« Profanes » Jeanne Benameur

Profanes, Jeanne Benameur, Actes Sud, Domaine français, 288 pages, janvier 2013

Née en 1958 en Algérie, Jeanne Benameur, ancienne professeur de lettres, a publié de nombreux romans jeunesse, des textes poétiques et une dizaine de romans, parmi lesquels Les Demeurées (Denoël, 2000, prix Unicef), Les Reliques et Les Mains libres. En 2008, elle rejoint Actes Sud avec Laver les ombres. En 2011, son roman Les Insurrections singulières rencontre un succès remarquable.

Elle signe en cet hiver 2013 un roman bouleversant, superbement écrit, qui dit la douleur du deuil et le besoin des autres pour exister.

Ancien chirurgien du cœur, Octave Lassalle, 90 ans, aurait de nombreuses raisons de se sentir fatigué. L’âge, les articulations douloureuses, le cœur qui bat trop vite.

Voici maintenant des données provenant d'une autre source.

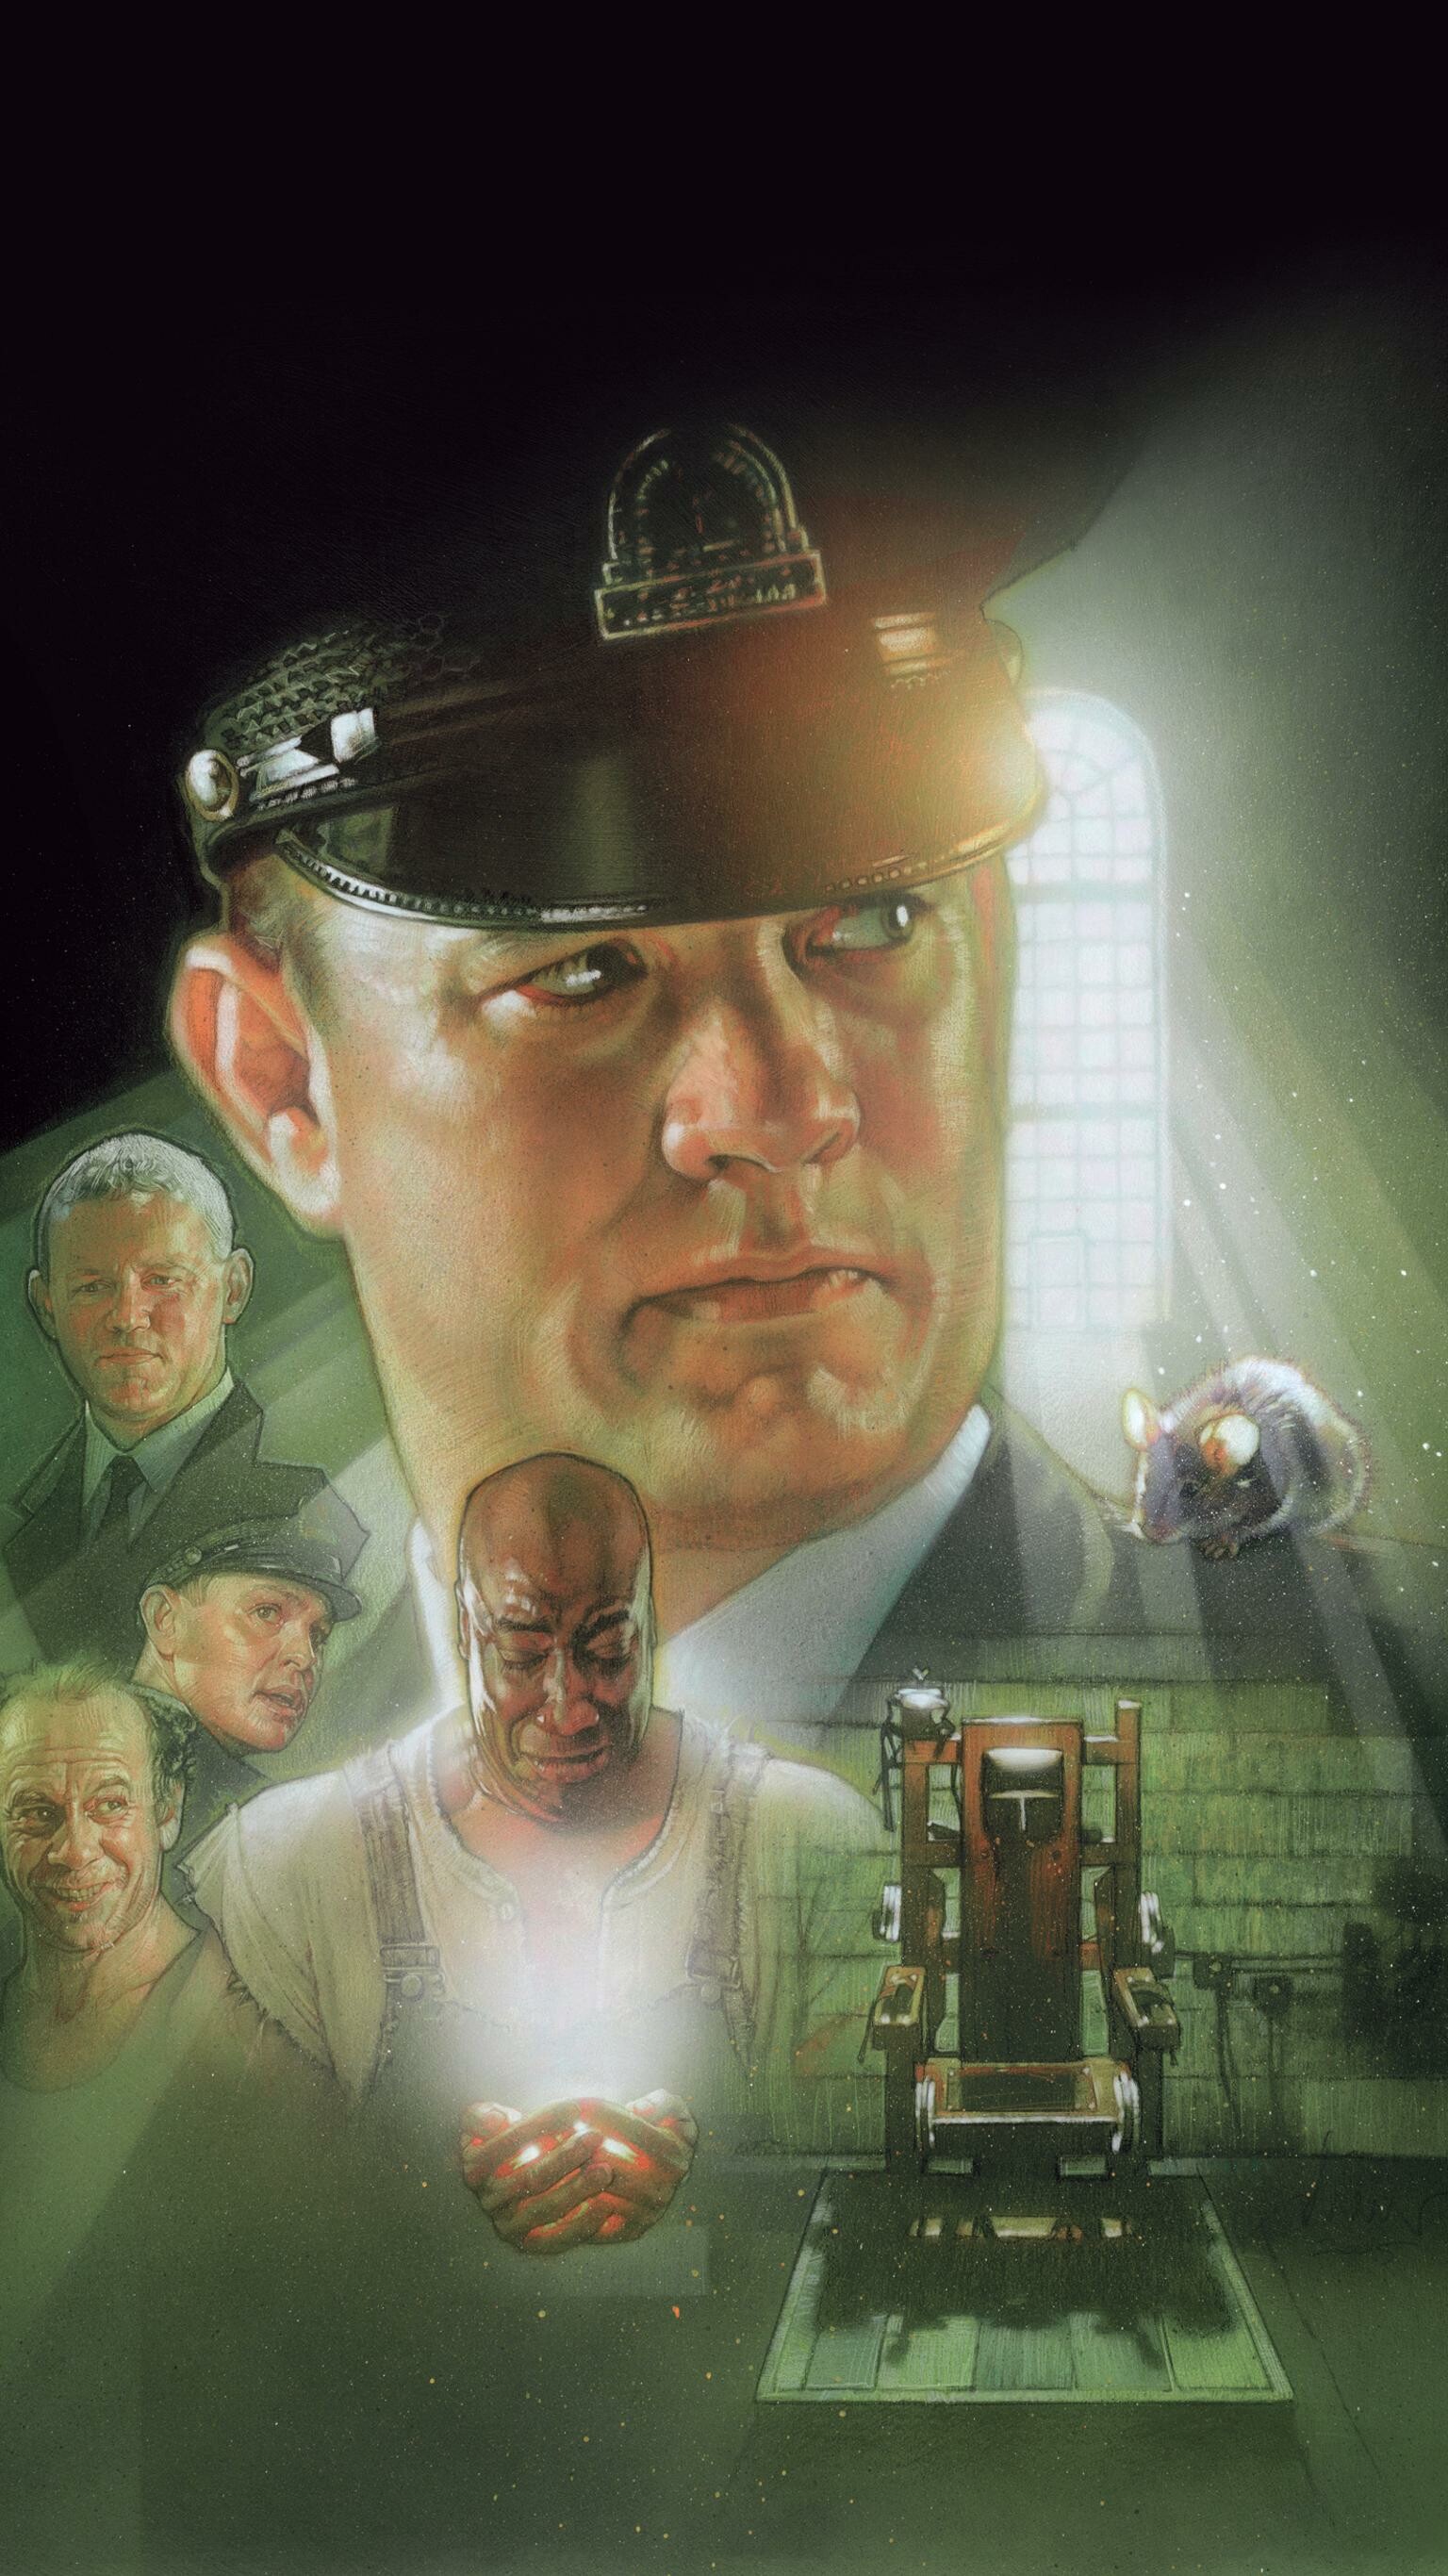 The Green Mile: The film stars Tom Hanks as a death row prison guard during the Great Depression. 1540x2740 HD Background.
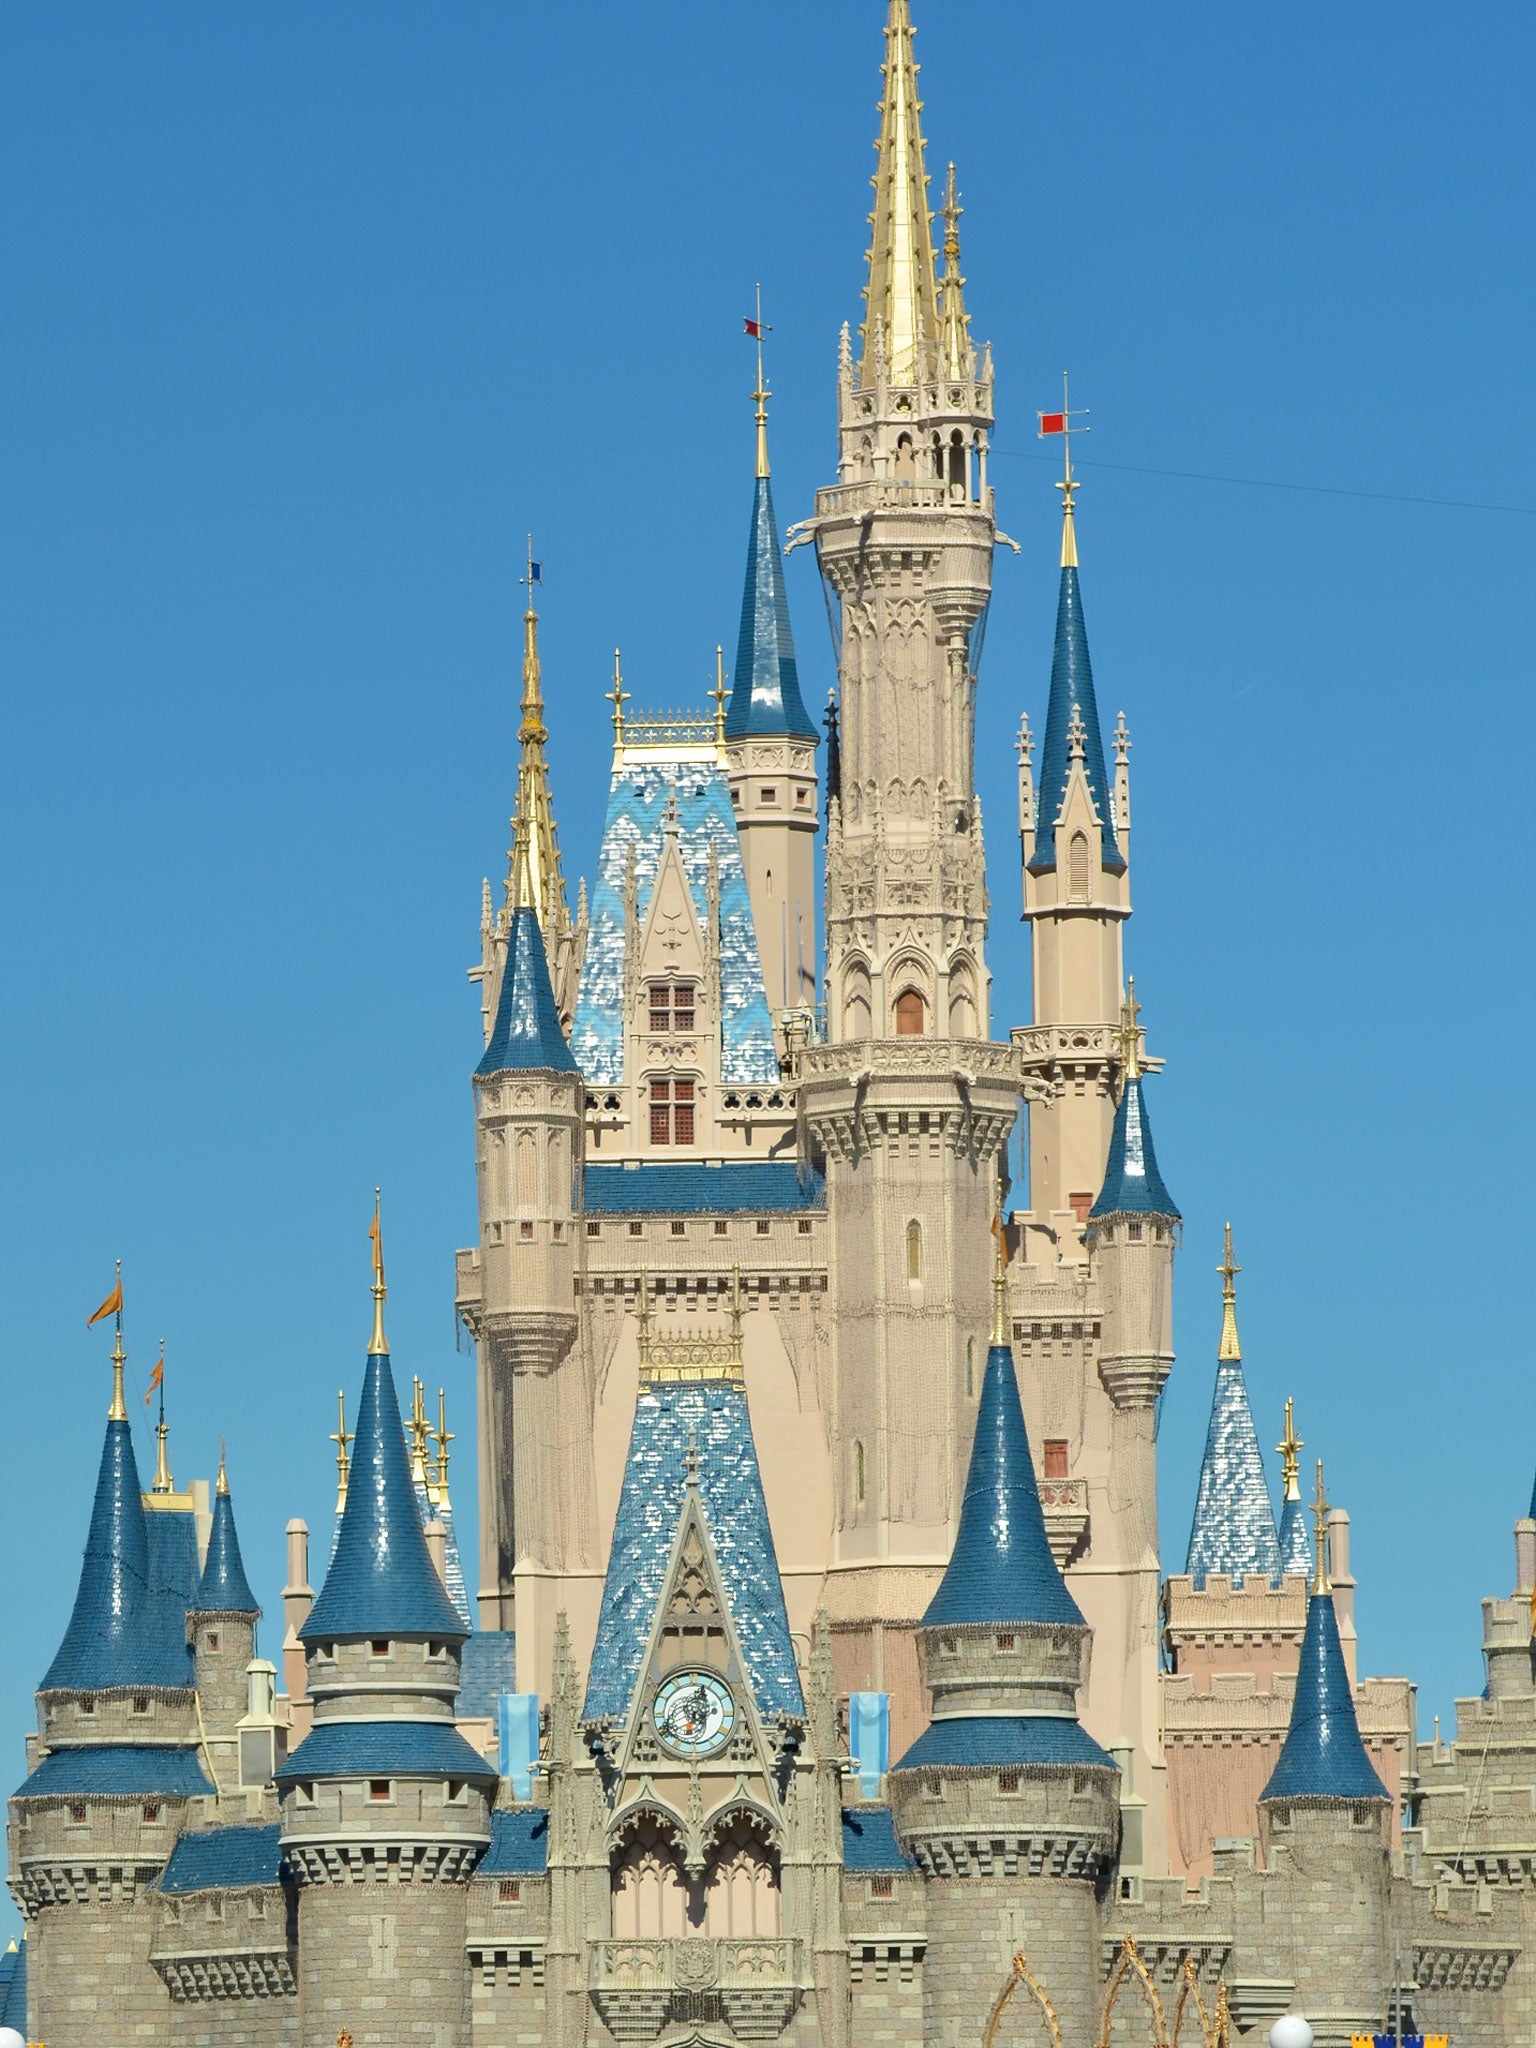 Walt Disney World's decision was welcomed by campaign group Scouts for Equality

Le vieil homme n’est pourtant pas en paix, car une blessure ancienne est encore béante. Sa fille bien-aimée, Claire, a eu un accident de voiture à 19 ans, alors qu’elle rejoignait son amant. Sa femme, Anna, très croyante, ne lui a jamais pardonné de ne pas avoir tenté de sauver sa fille. Elle est partie pour le Canada, emmenant le corps de Claire. Trop seul dans sa grande maison depuis tant d’années, Octave décide de s’entourer, comme s’il officiait toujours autour d’une table d’opération. Il se compose une équipe de quatre accompagnateurs choisis avec soin. Peu à peu, on découvre les personnages, leurs failles, leurs histoires.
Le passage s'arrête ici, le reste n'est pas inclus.